- [ABOUT THIS TASK]: Your answer should be the lines from the one with "Crochet Hat Pattern" to the end of the data below, both included, exact and free of pictures.

- [PROVIDED MATERIAL]:
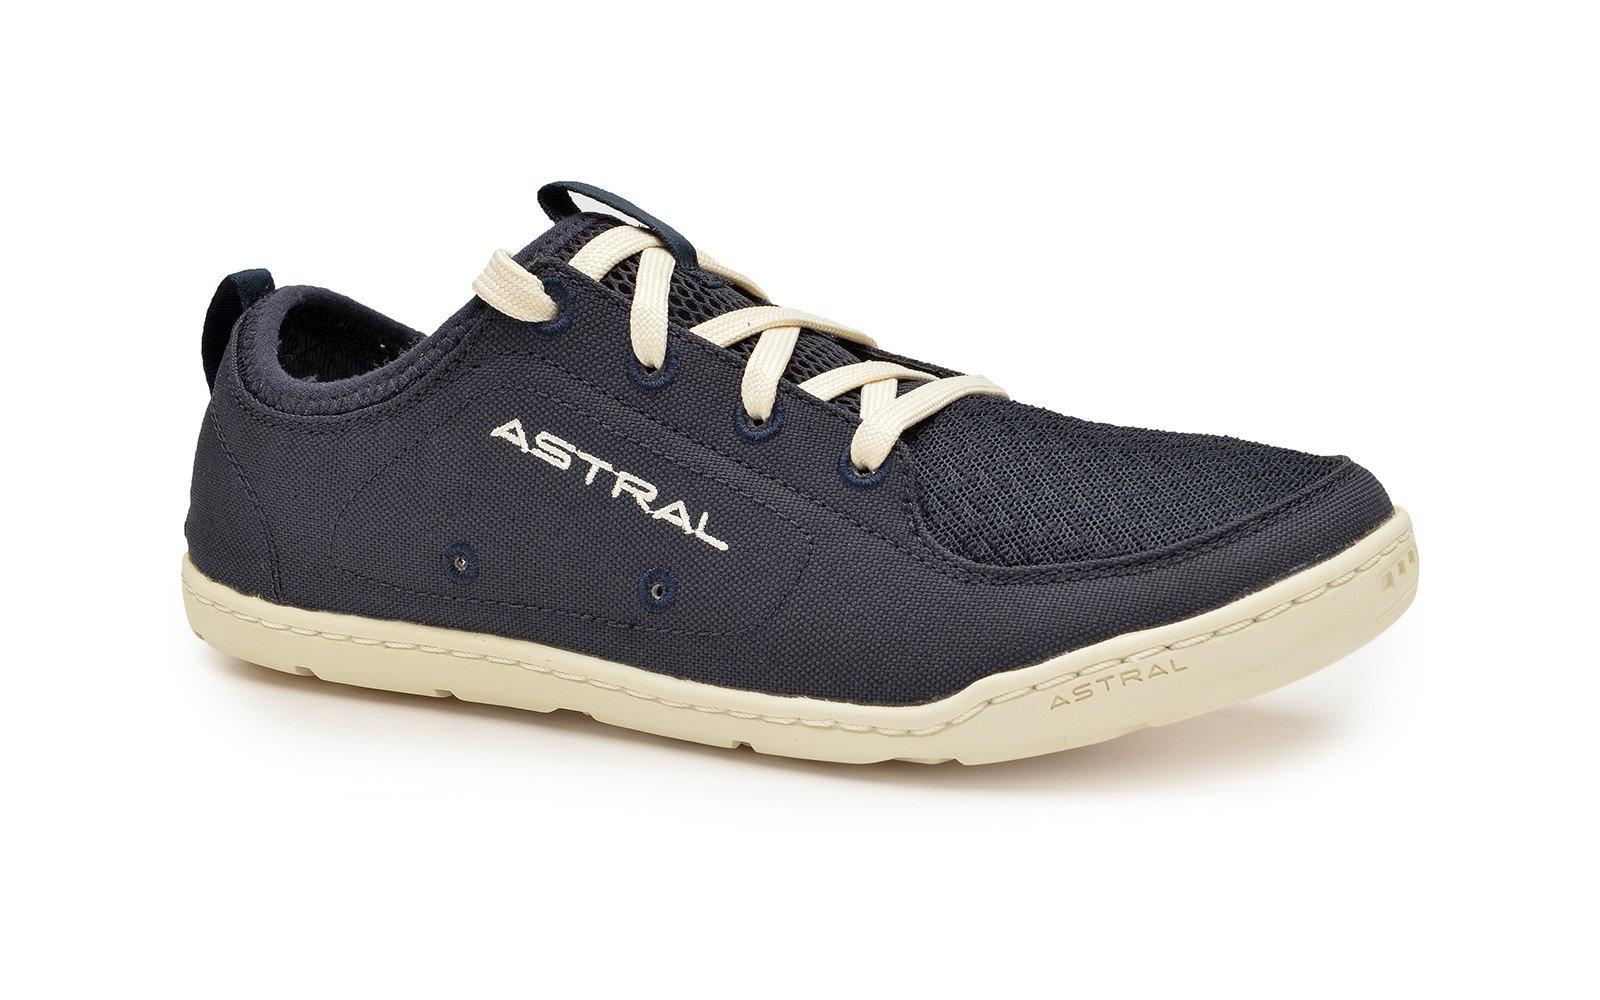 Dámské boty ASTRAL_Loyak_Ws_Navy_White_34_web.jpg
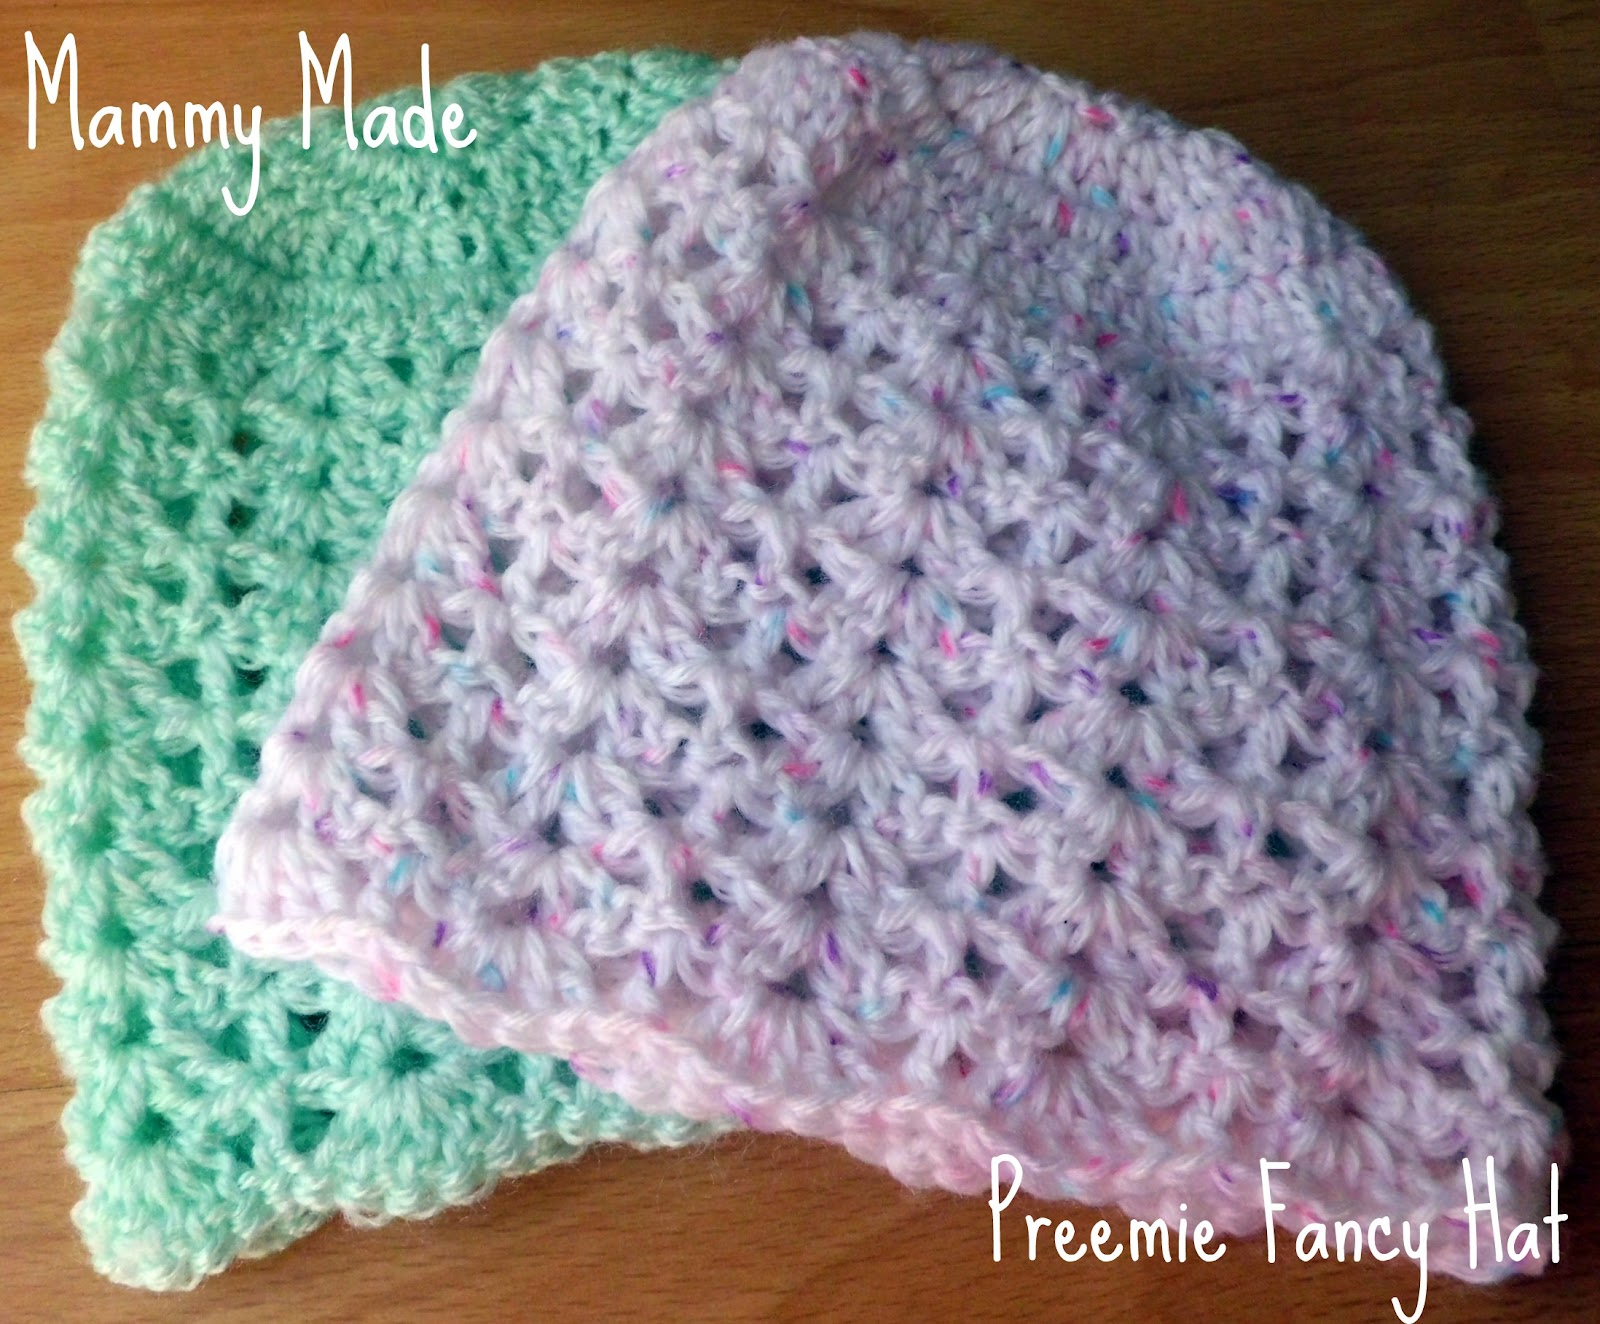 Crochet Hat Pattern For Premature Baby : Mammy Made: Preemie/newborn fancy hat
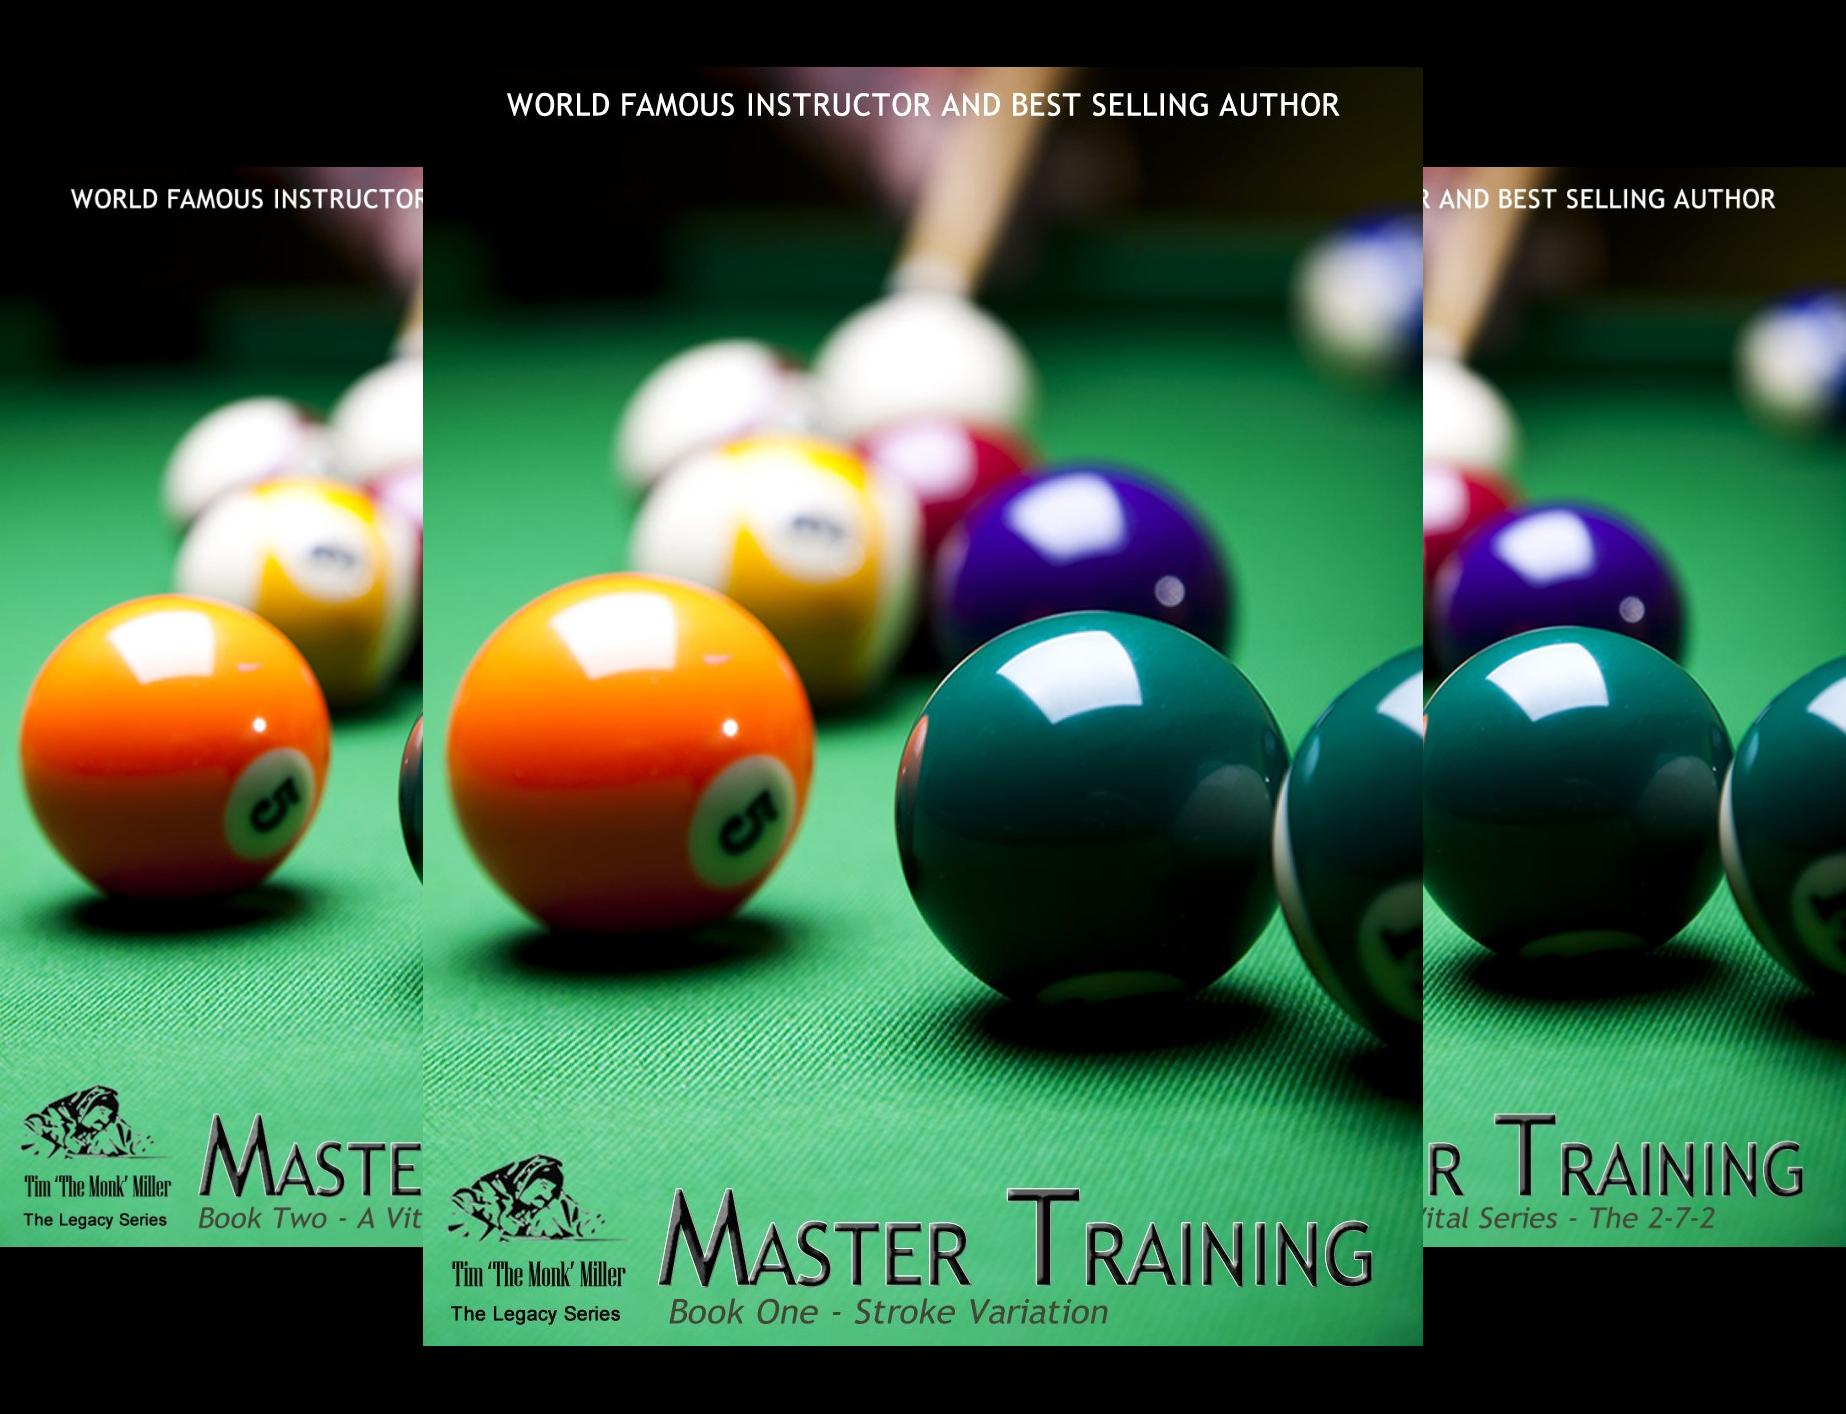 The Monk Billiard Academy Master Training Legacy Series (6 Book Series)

- [REPLY]:
 Crochet Hat Pattern For Premature Baby : Mammy Made: Preemie/newborn fancy hat
 The Monk Billiard Academy Master Training Legacy Series (6 Book Series)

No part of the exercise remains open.